Latest industry figures show oil prices have fallen a further 10.5 per cent with consumers reaping the benefits because the drop in wholesale costs are being passed directly on – unlike the picture for households on mains gas and electricity.
According to the Sutherland Tables – a recognised independent source of data on comparative UK domestic heating prices – oil continues to trump competitor fuels on price.
The cost of heating an average three-bedroom home in Britain with oil is now just £793 per year, coming in at 24 per cent less expensive than mains gas, the second cheapest option at £1038 per annum. Oil is also currently 48.7 per cent cheaper then LPG and 50 per cent cheaper than electric storage heaters to heat the same average home.

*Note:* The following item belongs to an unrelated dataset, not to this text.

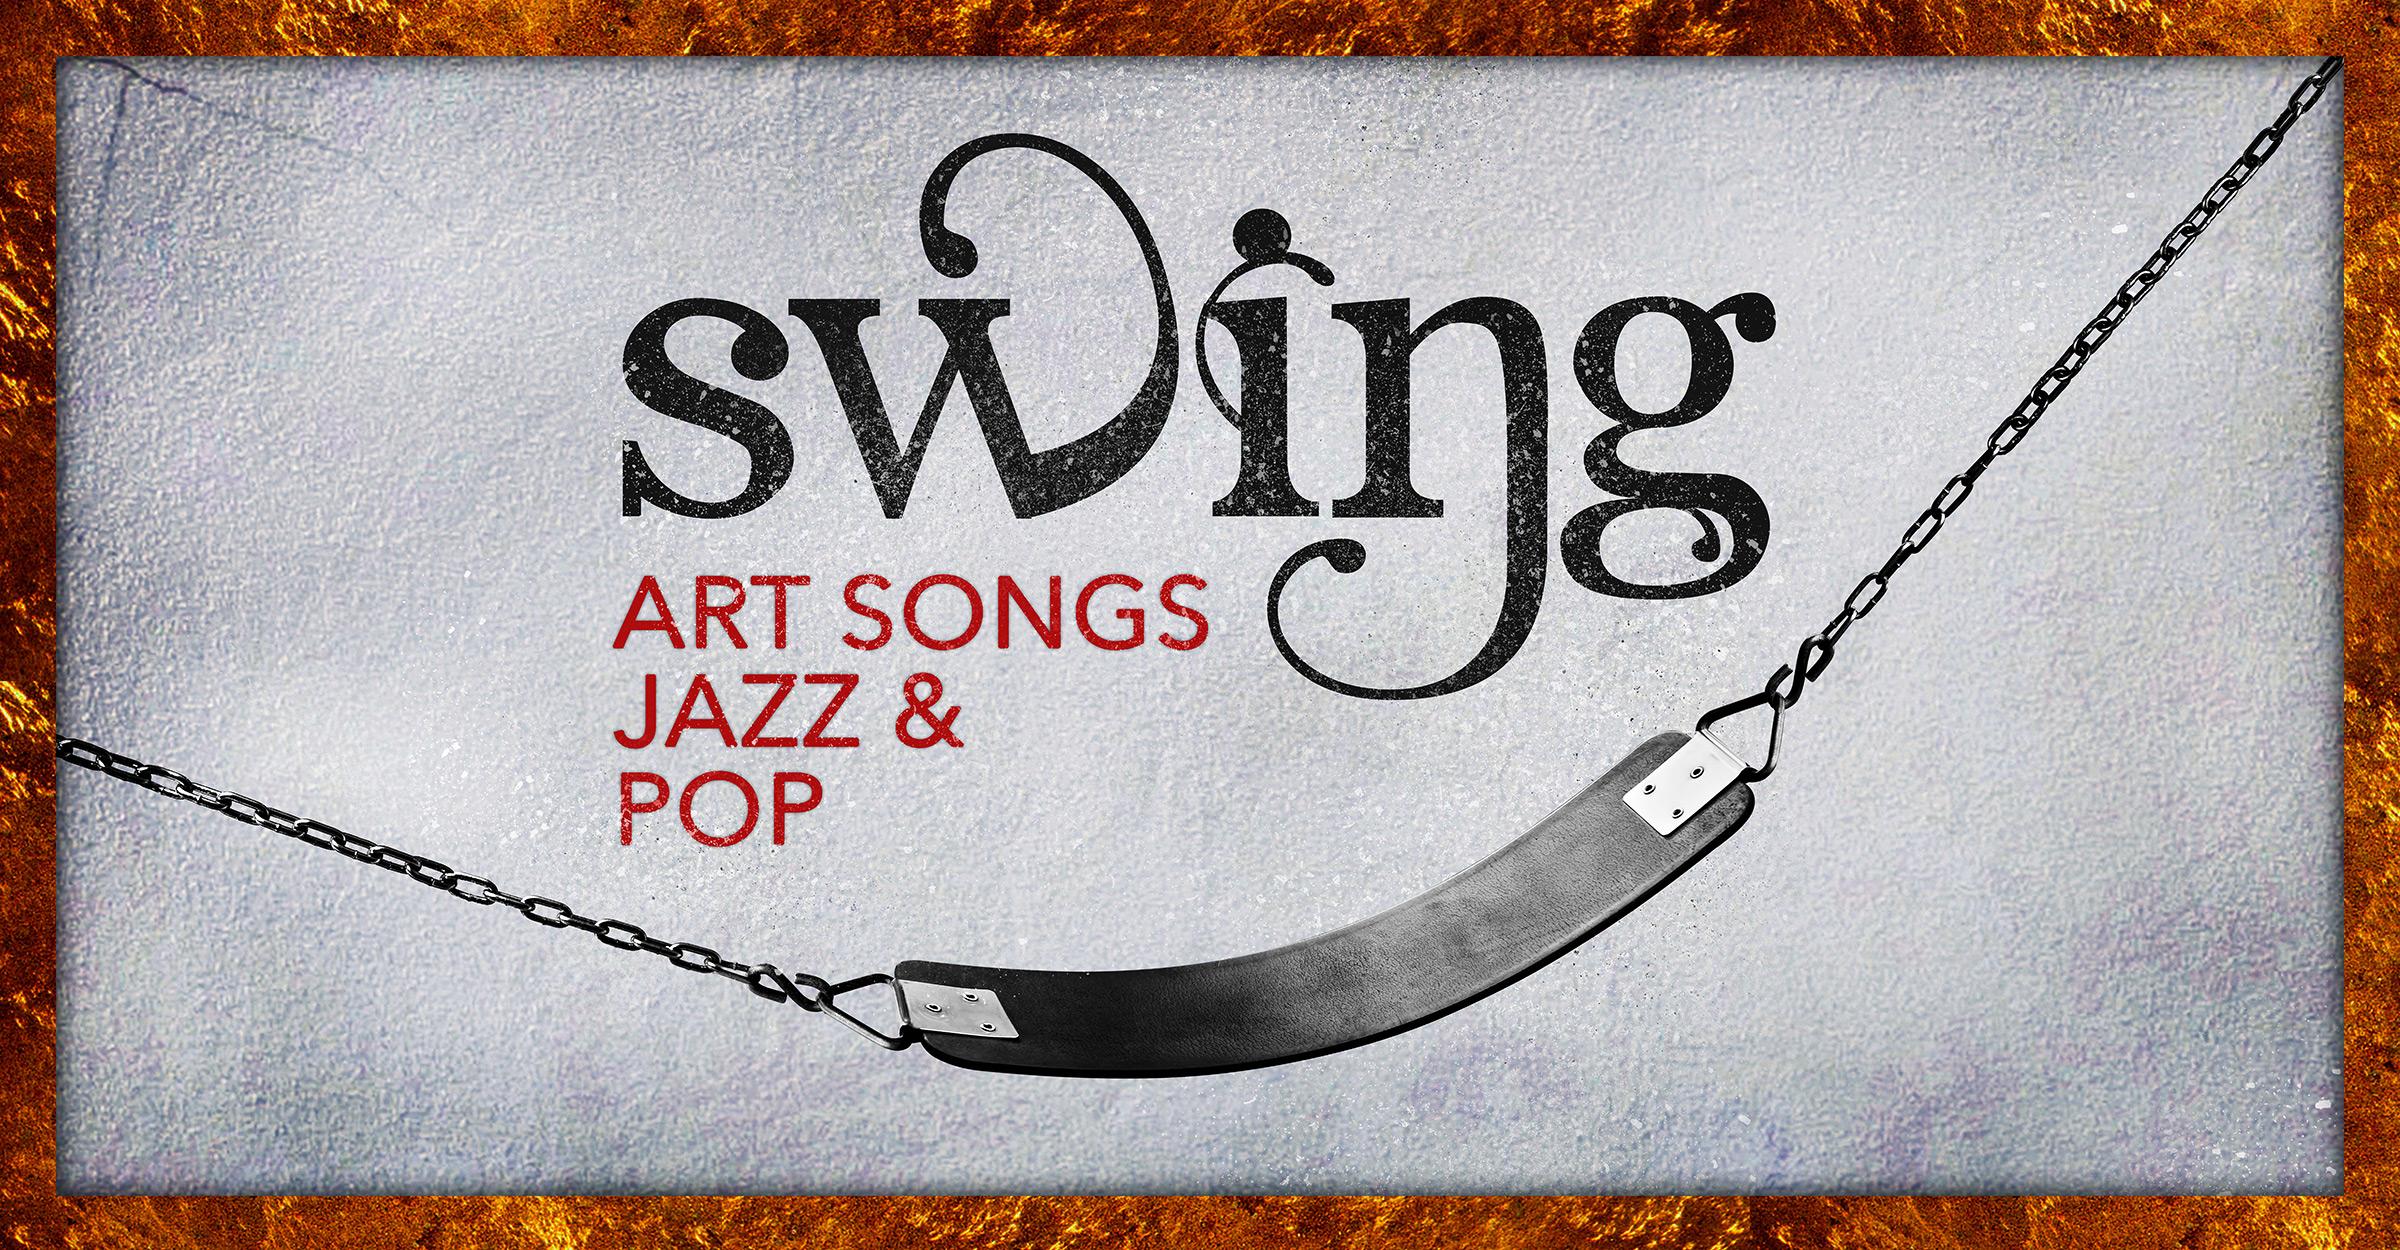 7S-Swing-FinalDraft-FBevent(2400x1250).jpg

Importantly, FPS says the huge price difference between oil and the other main heating fuels is partly down to the current low cost of crude oil being straight on to customers.
This contrasts with the experience of many consumers on mains gas and electricity with energy secretary Amber Rudd recently stating it was “frustrating that the falls in wholesale gas prices have not been passed on to most households”.
Oftec director general Jeremy Hawksley said "It is pleasing to see the industry is acting responsibly and playing its part in ensuring a fair deal on price for the UK’s 1.4 million oil-using households. Oil consumers have seen the cost of heating their homes fall consistently for the past two years and with prices predicted to remain low for some time to come, the case for sticking with oil, or even switching to oil, is strong”
With this in mind, Oftec continues to urge government to completely rethink the UK’s low carbon heat strategy. Instead of incentivising 100 per cent renewable solutions which aren’t practical or affordable to the majority of people, the focus should be on solutions that are simple, affordable to install and run, and impose limited disruption on the homeowner.
Jeremy Hawksley added: “We are concerned to see the Department for Energy and Climate Change is continuing to back the domestic Renewable Heat Incentive (RHI) which has fallen way short of expectations in terms of delivering renewable installations. Unless radical changes are made to the scheme, it will continue to only benefit the wealthy few”.